Il giornale Jeune Afrique riporta la critiche del collettivo “Block Aleca”, composto da otto realtà associative, e del tentativo di creare un “fronte ampio” della contestazione, intervistando Salem Ben Yahia, presidente di Khadra, organico a BA.
Il trattato è definito: “colonialista”.
Ben Yhaia denuncia il carattere anti-democratico delle trattative, per cui alla fine l’UE si è scelta i suoi interlocutori, escludendo il sindacato UGTT, e ha avuto una grande opacità sui termini dell’accordo, che parte da condizioni assolutamente asimmetriche e riguarda tutti i settori.
Conclude Ben Yhaia: “L’Unione Europea vuole la concorrenza in tutti i settori, tutti i mercati pubblici. L’Aleca è a tutti gli effetti il rafforzamento della dipendenza della Tunisia e la perdita della sua sovranità sulla sua economia”.

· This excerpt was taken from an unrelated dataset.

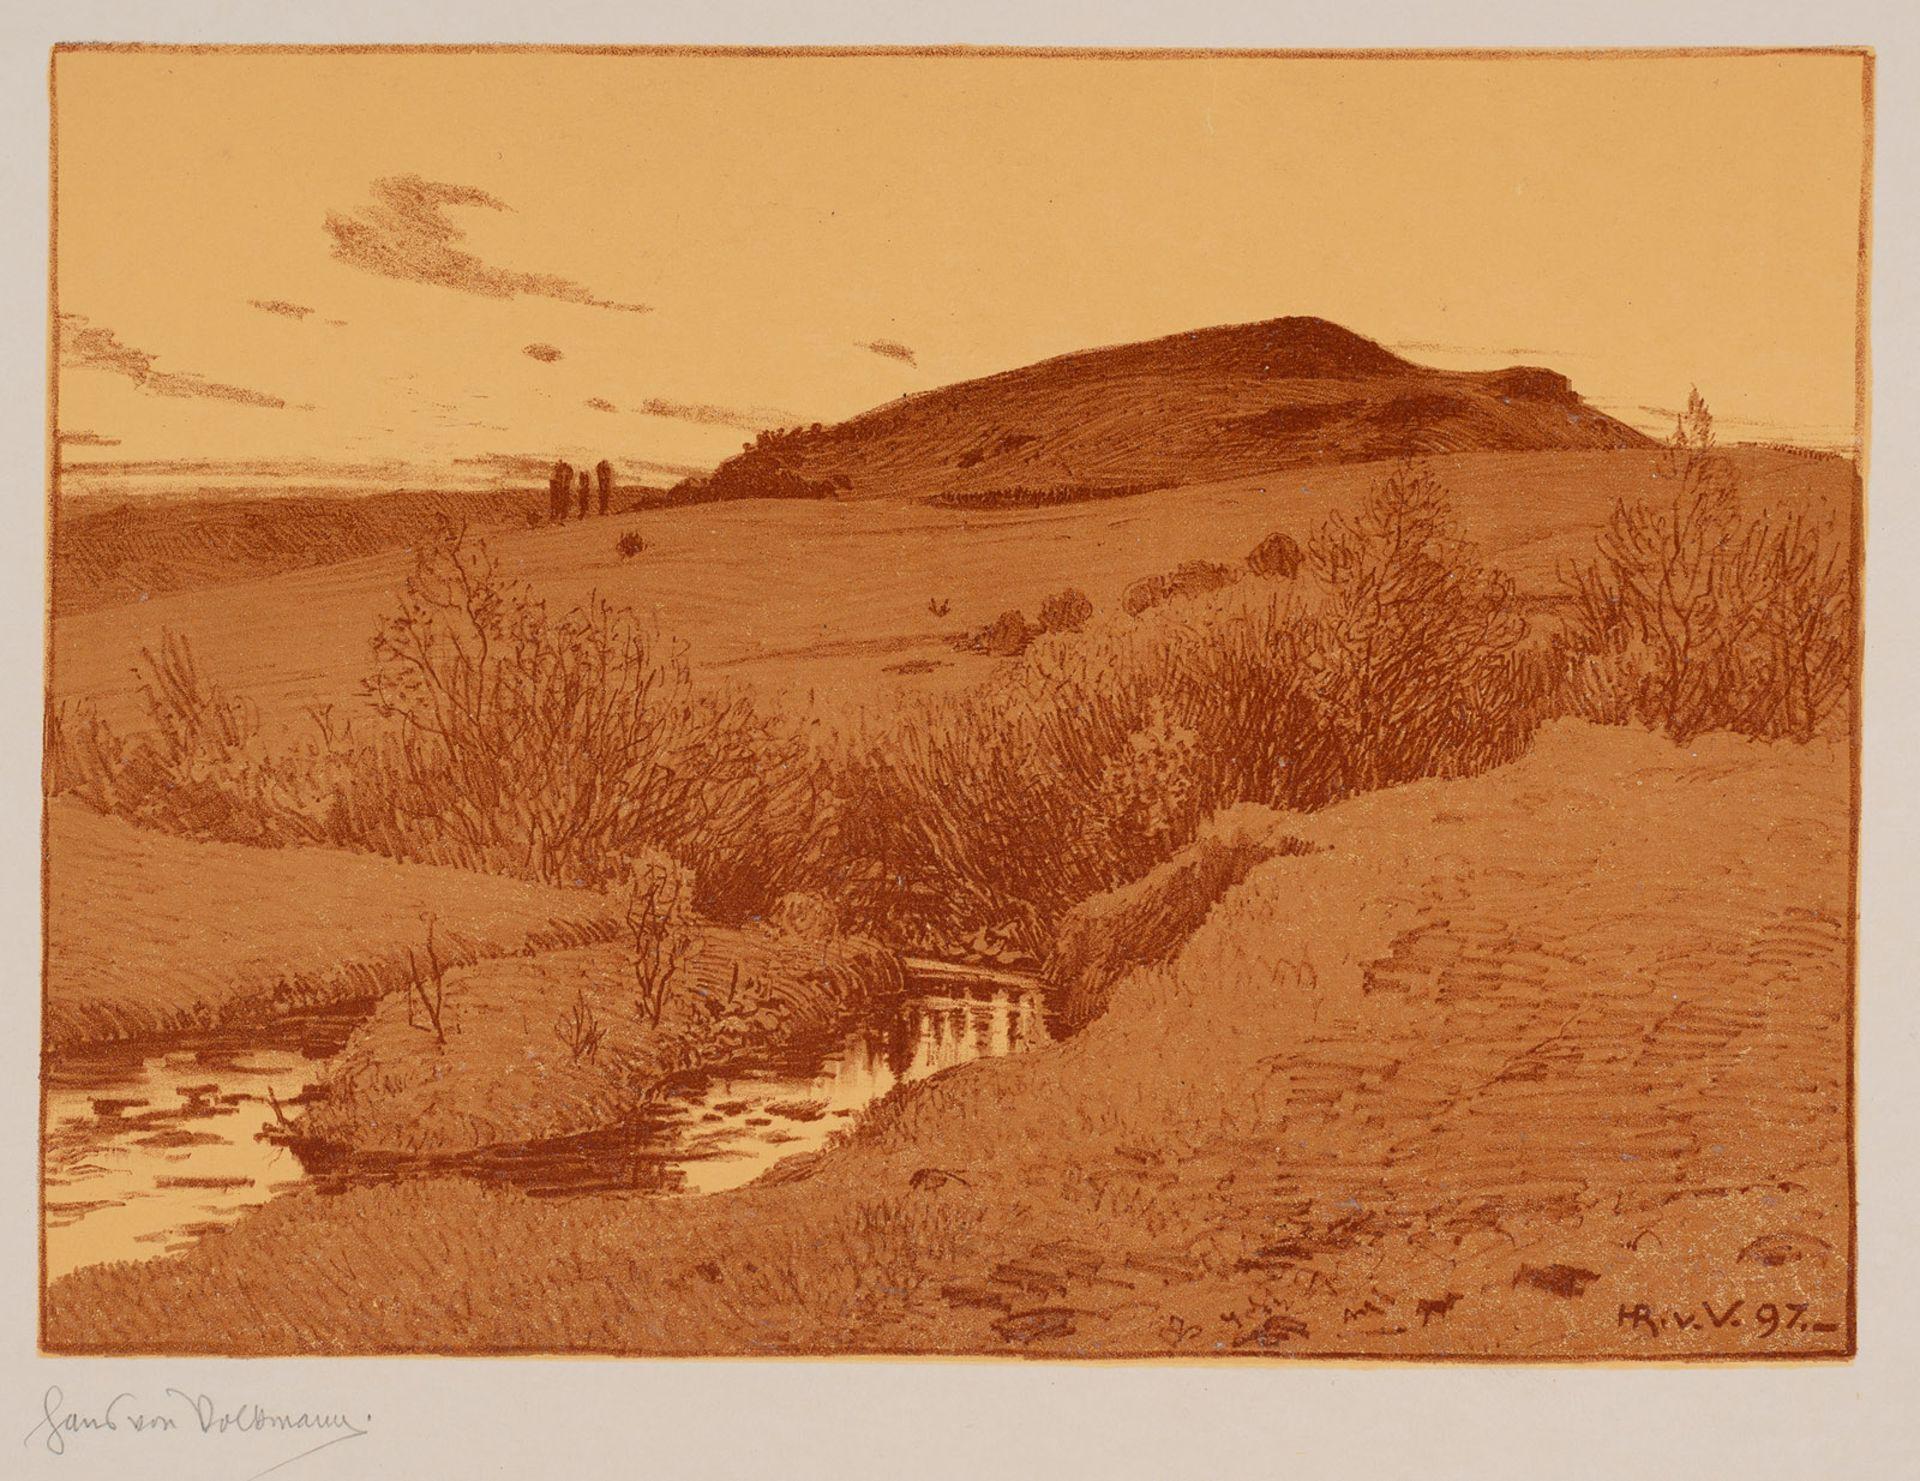 Volkmann, Hans Richard von - Image 9 of 10
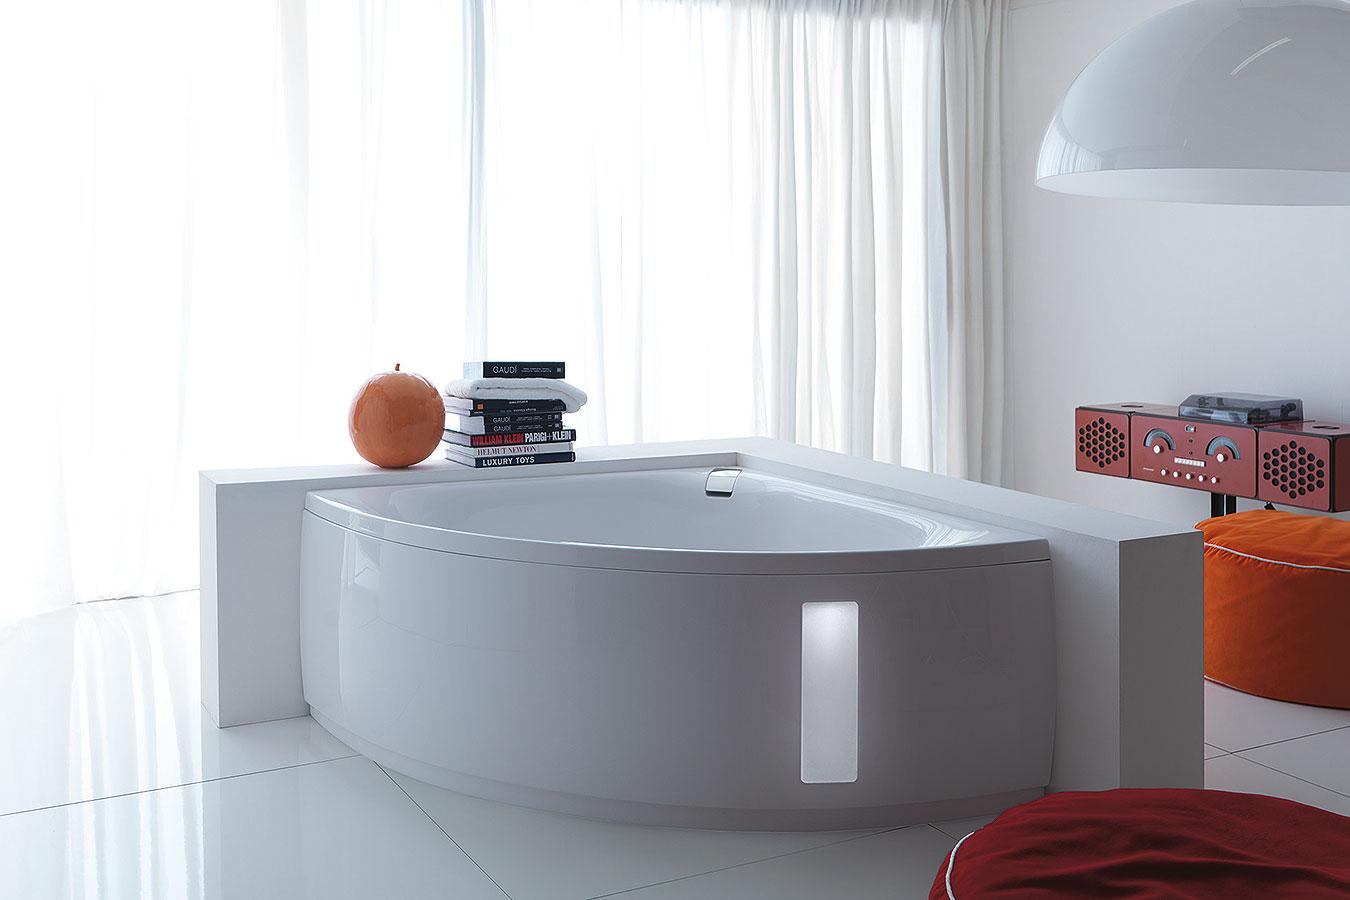 Vasca Da Bagno Filo Piano : Spazi piccoli come inserisco una vasca? ci pensiamo noi! garden house

È chiaro che la battaglia contro la stipula di tali trattati condotta dall’altra parte del “Mare Nostrum” deve trovare una adeguata sponda anche all’interno del vecchio continente, raccordandola con la battaglia contro la gabbia dell’Unione Europea e per la rottura dei trattati.
La UE è un male comune alle due sponde del Mediterraneo. Pensare ad una area di cooperazione tra le popolazioni delle due sponde è la premessa per lo sviluppo di una area “euro-mediterranea” sganciata da UE e NATO, che serva come profondità strategica per le lotte di tutti i giorni.
1 ARES, porta il nome del fondatore del movimento sindacale in Tunisia Mohamed Ali Hami, ed è stata creata da militanti della sinistra tunisina per la maggior parte del Fronte Popolare. Questo centro di ricerca si occupa di socializzare strumenti critici di analisi economica e sociale che vadano oltre il punto di vista liberale.
Ha pubblicato, in arabo, quattro contributi collettivi: uno sul debito, un secondo sulla crisi economica tunisina (con una lettura storica del modello di sviluppo), un terzo sulla “finanziaria” del 2018 e un quarto in via di pubblicazione che tratta delle imprese pubbliche e il dibattito a proposito della loro privatizzazione.